Exercise description
Retype the data that follows exactly. No pictures belong in the copy.

───── Source data ─────

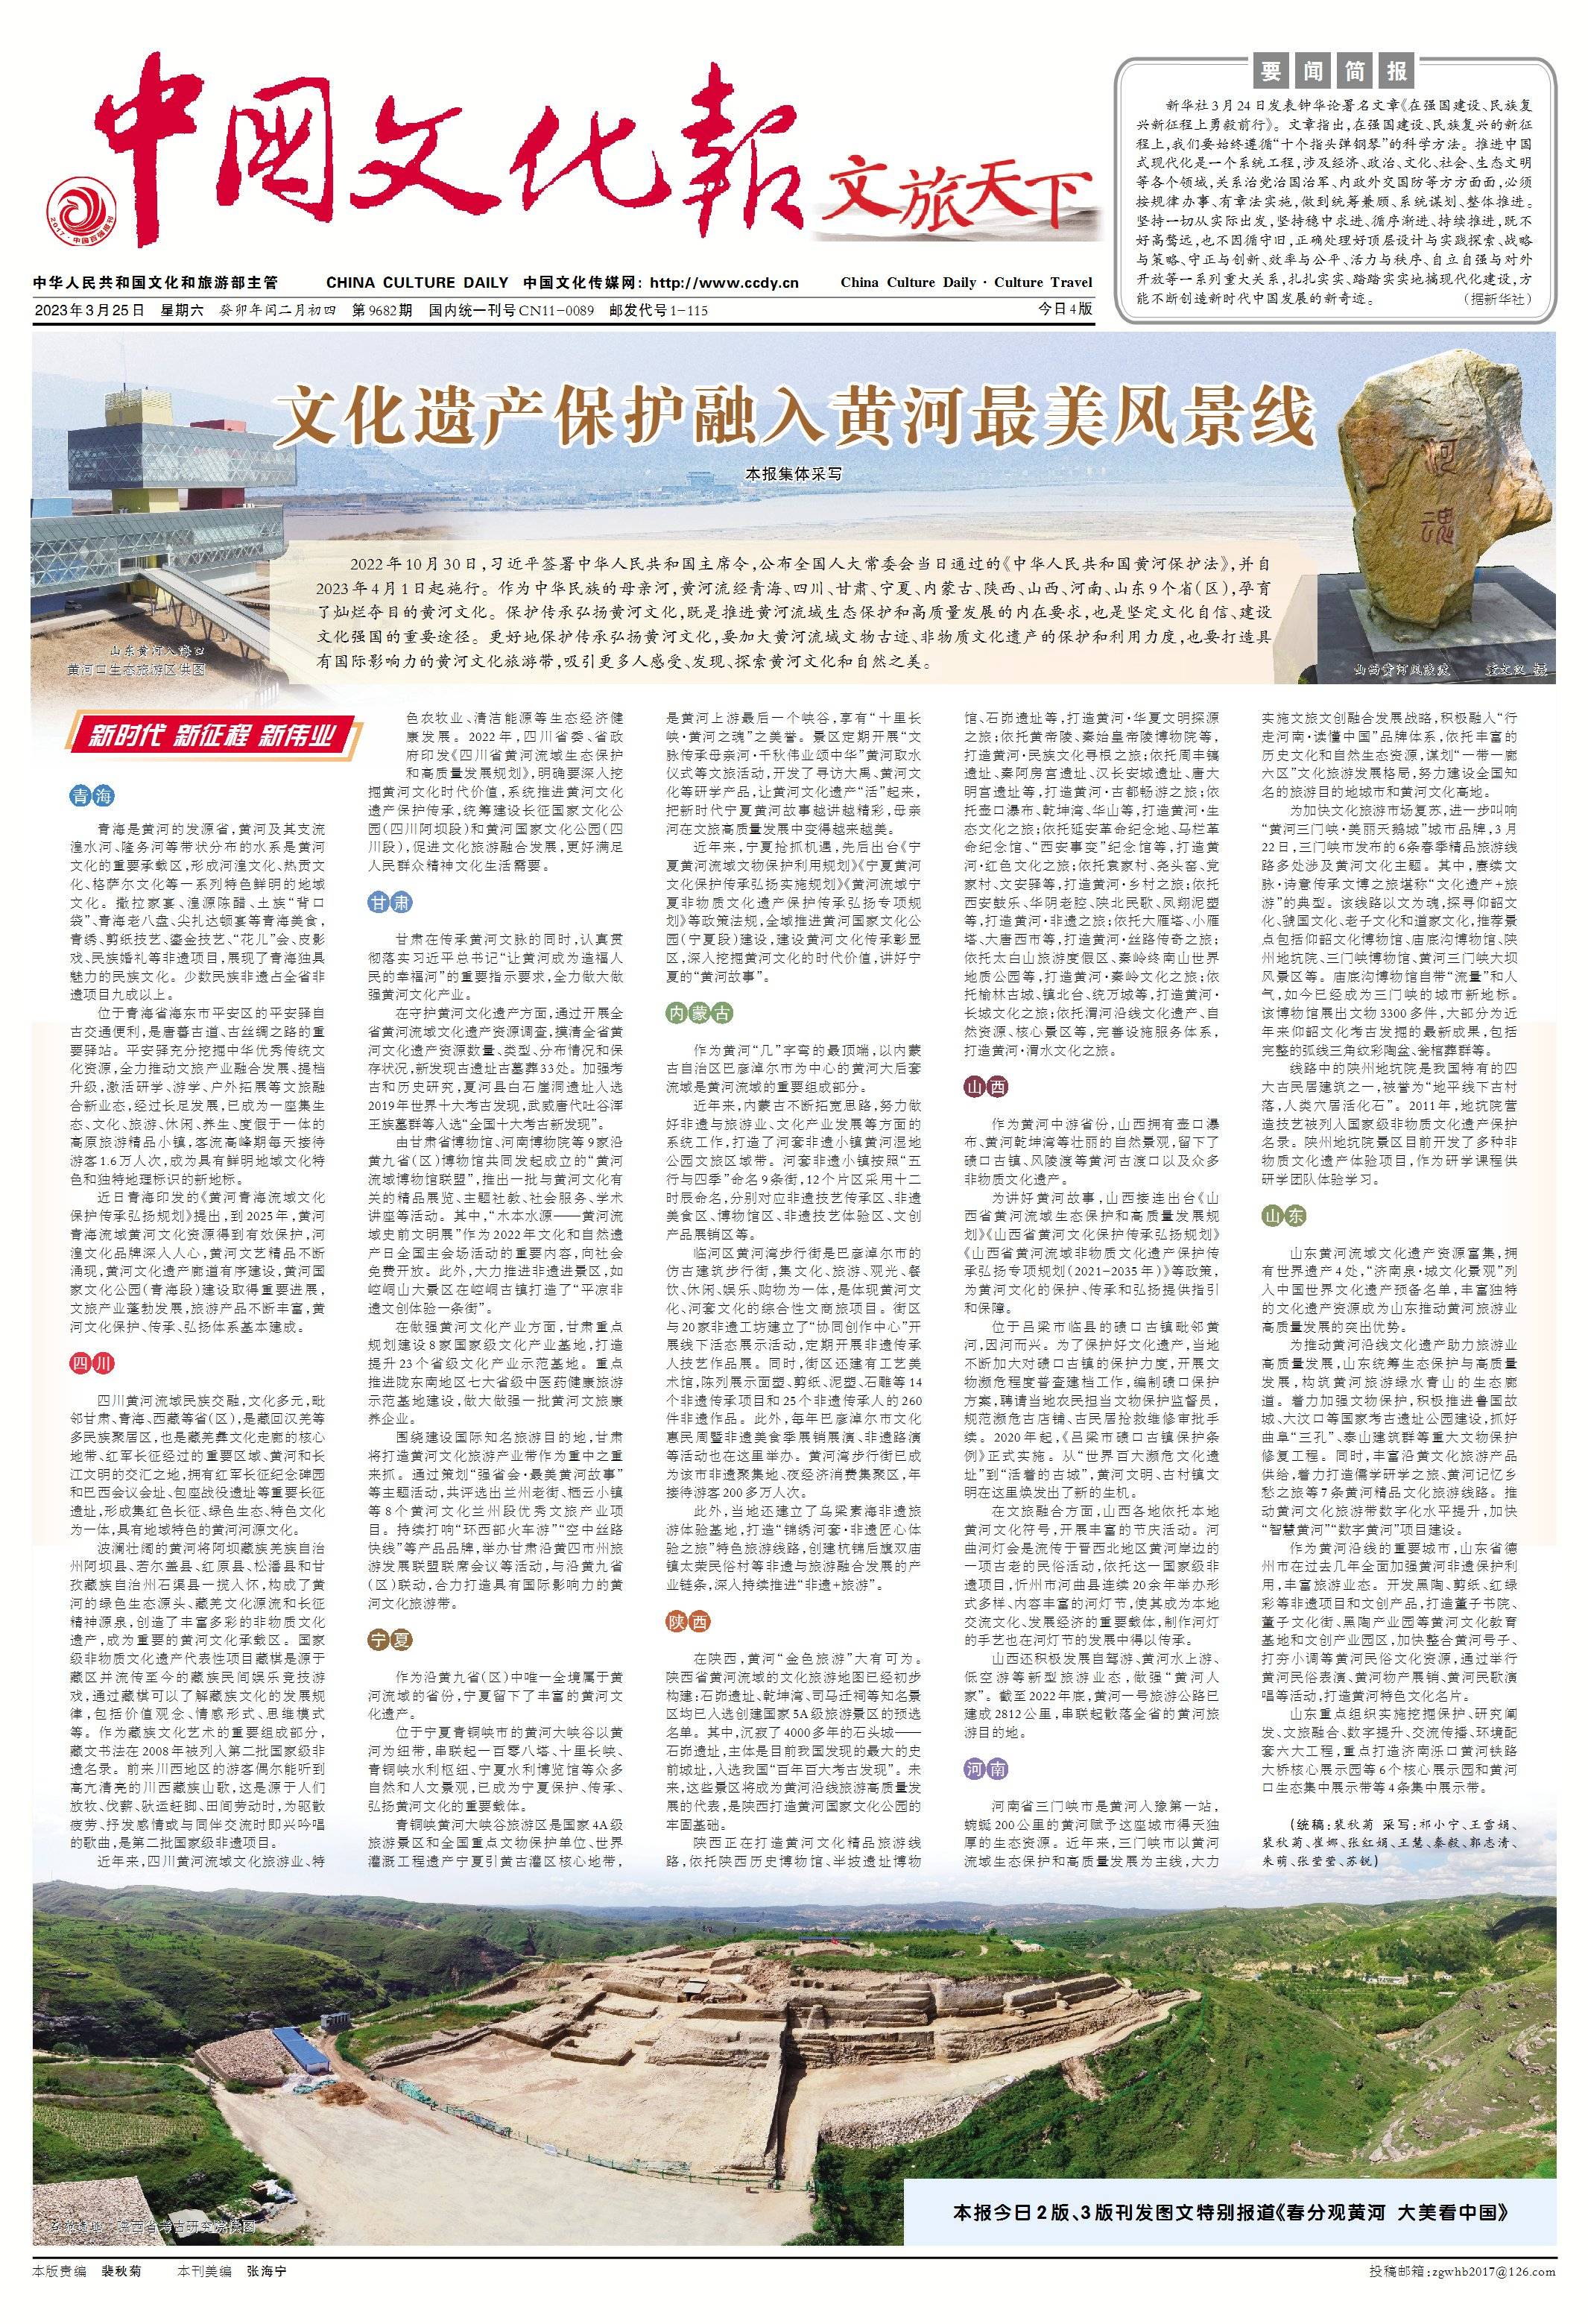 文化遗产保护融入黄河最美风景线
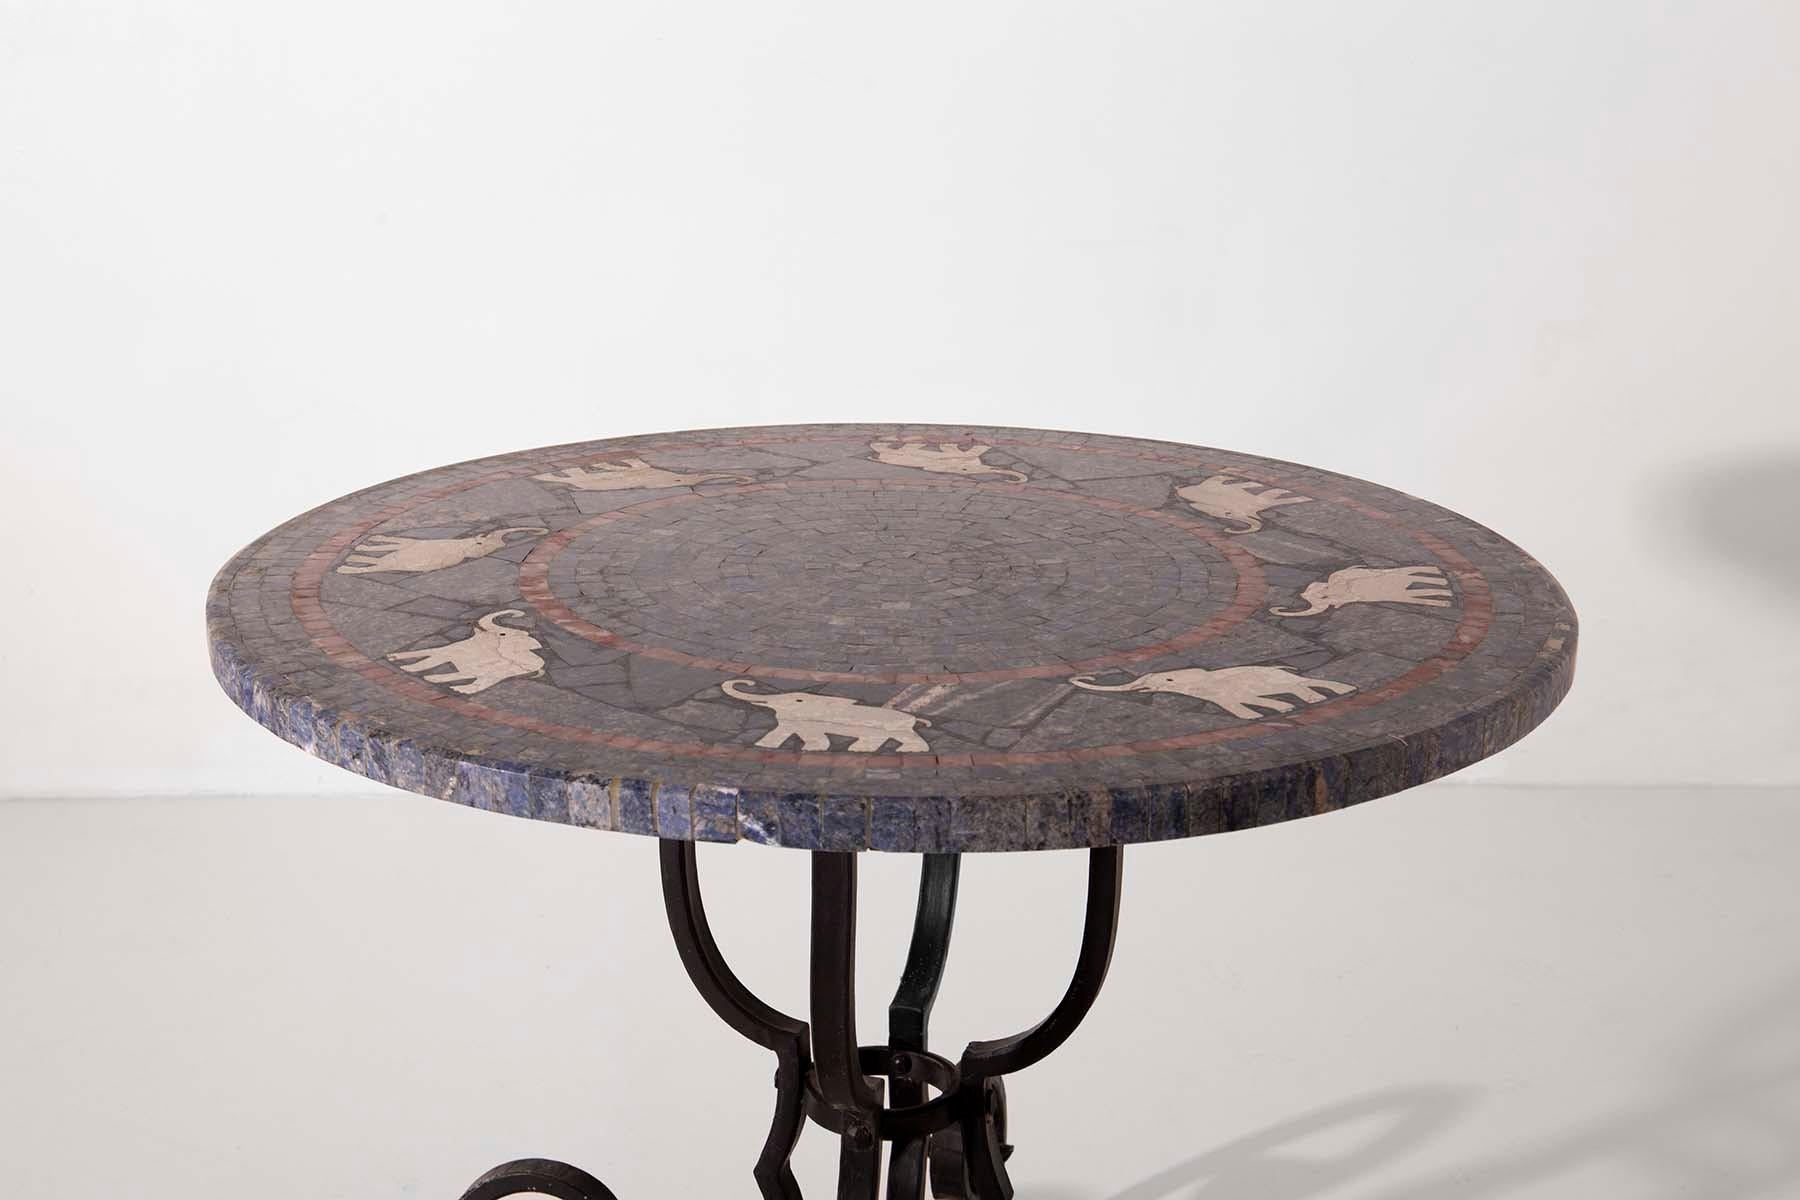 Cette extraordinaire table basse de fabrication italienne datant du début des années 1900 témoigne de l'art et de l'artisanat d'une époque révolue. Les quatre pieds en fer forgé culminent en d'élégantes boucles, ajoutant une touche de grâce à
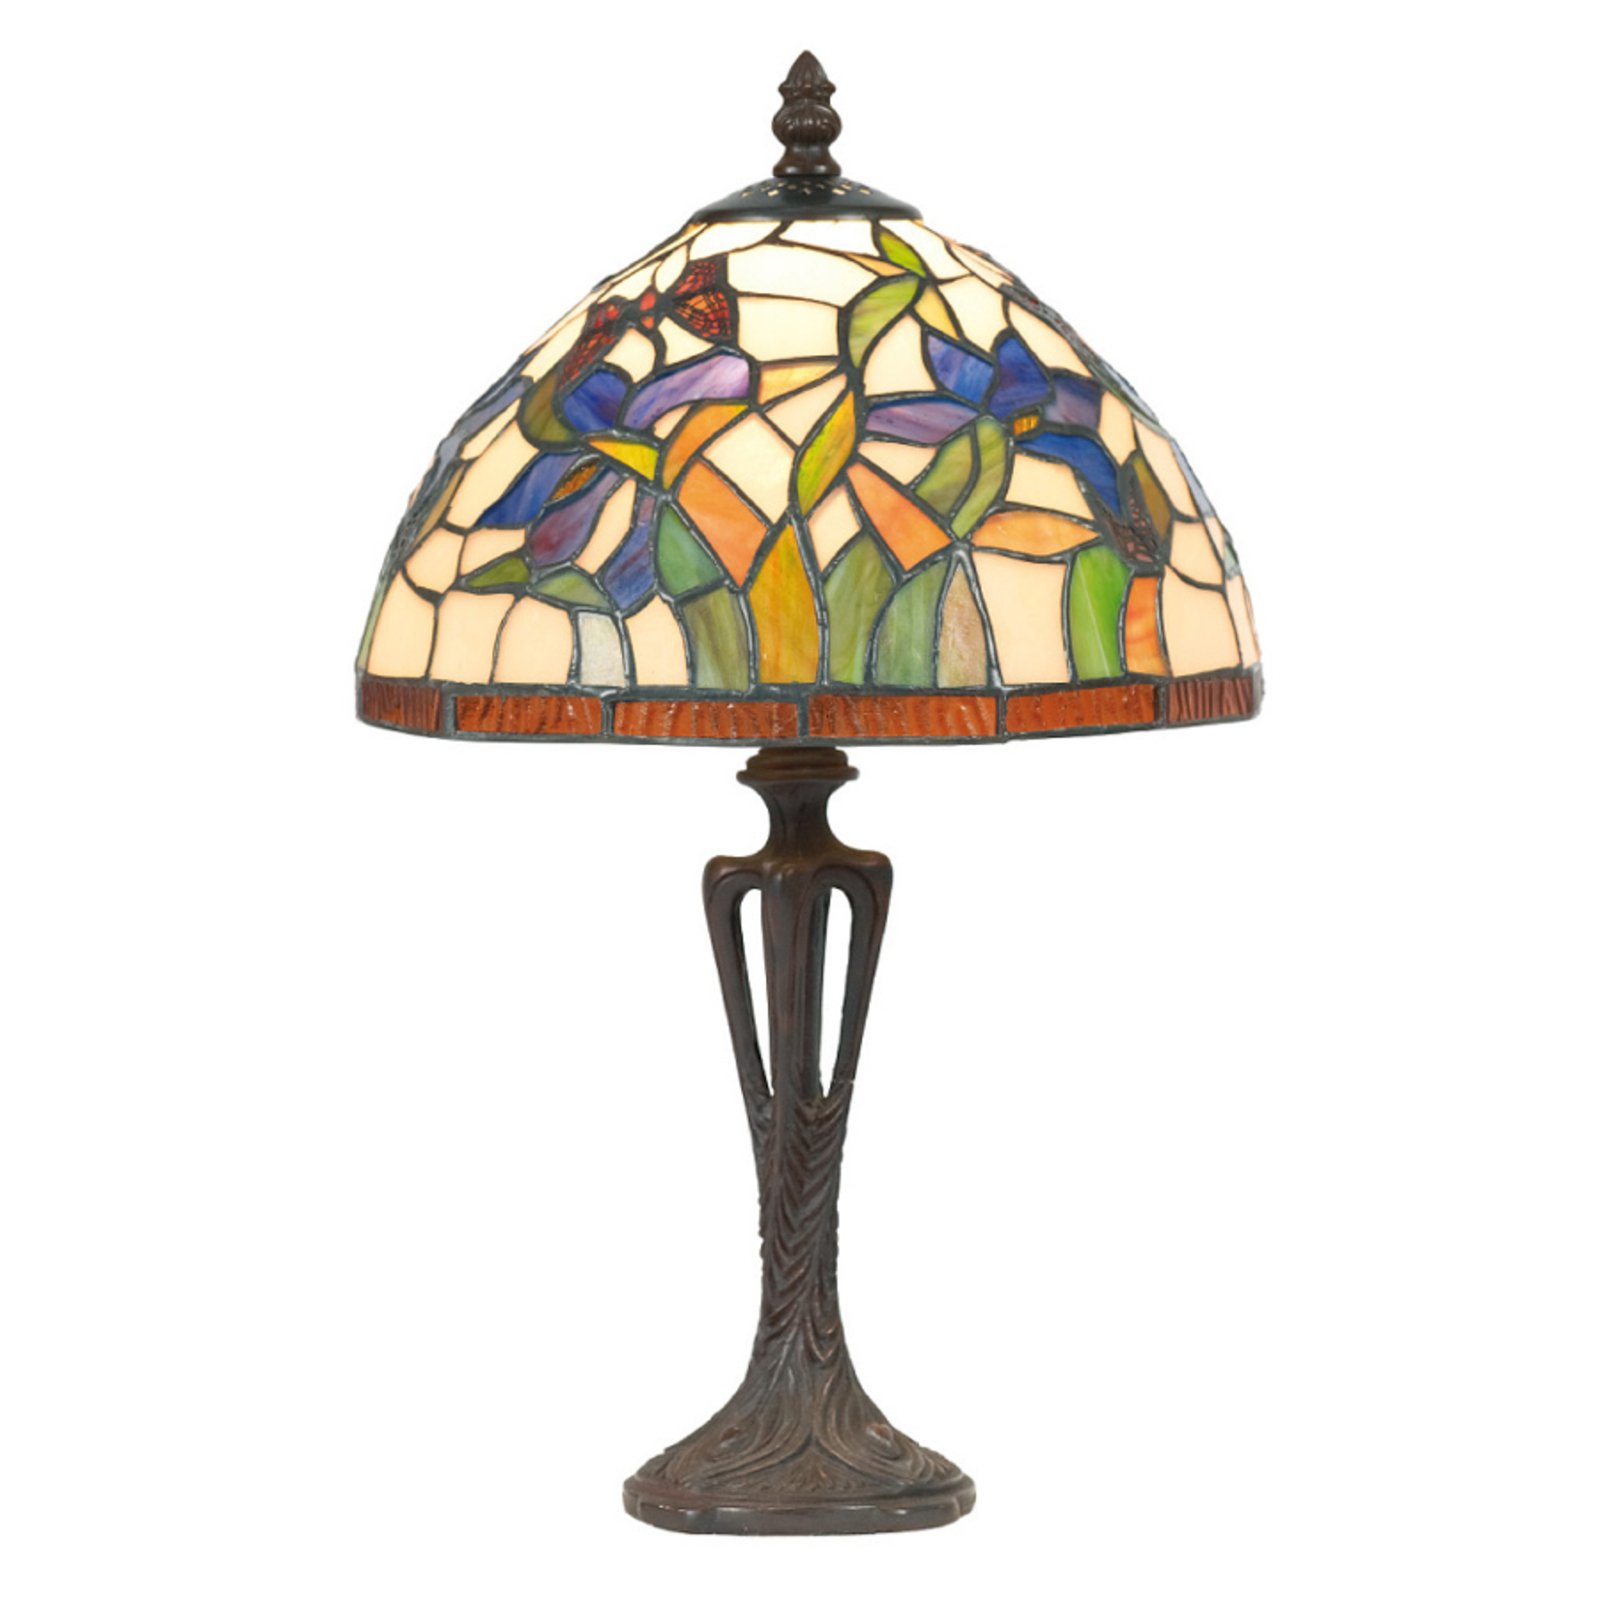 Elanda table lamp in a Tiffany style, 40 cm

─────

Expected answer
 文化遗产保护融入黄河最美风景线
 Cette extraordinaire table basse de fabrication italienne datant du début des années 1900 témoigne de l'art et de l'artisanat d'une époque révolue. Les quatre pieds en fer forgé culminent en d'élégantes boucles, ajoutant une touche de grâce à
 Elanda table lamp in a Tiffany style, 40 cm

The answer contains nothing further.